• _Exercise brief_:
Filter the records, keeping every line that has the string "shirt".
═════ Material shown ═════
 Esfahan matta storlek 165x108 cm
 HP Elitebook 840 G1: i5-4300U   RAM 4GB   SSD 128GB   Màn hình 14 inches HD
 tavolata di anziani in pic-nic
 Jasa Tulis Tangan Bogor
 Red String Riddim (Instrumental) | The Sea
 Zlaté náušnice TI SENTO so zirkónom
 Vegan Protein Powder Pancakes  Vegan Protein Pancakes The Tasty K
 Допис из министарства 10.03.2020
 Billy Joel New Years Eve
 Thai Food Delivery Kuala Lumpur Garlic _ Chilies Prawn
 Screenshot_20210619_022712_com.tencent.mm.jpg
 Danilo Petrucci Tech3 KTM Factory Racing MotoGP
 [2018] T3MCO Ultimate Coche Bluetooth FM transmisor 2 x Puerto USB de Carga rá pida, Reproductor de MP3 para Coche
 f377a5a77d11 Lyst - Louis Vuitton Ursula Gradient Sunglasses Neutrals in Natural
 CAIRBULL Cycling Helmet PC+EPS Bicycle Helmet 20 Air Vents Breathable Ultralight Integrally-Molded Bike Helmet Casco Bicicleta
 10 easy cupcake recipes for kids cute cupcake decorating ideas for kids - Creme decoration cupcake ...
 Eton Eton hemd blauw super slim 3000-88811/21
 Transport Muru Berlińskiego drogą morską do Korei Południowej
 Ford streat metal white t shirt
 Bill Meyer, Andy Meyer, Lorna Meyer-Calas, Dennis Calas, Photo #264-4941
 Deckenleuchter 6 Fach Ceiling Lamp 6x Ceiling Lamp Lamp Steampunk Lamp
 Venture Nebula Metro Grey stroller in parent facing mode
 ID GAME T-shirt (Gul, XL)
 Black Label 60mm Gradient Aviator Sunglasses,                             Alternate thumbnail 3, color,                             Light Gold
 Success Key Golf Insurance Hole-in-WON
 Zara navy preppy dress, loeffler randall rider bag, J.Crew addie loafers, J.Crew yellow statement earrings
═════
• _Written reply_:
 Ford streat metal white t shirt
 ID GAME T-shirt (Gul, XL)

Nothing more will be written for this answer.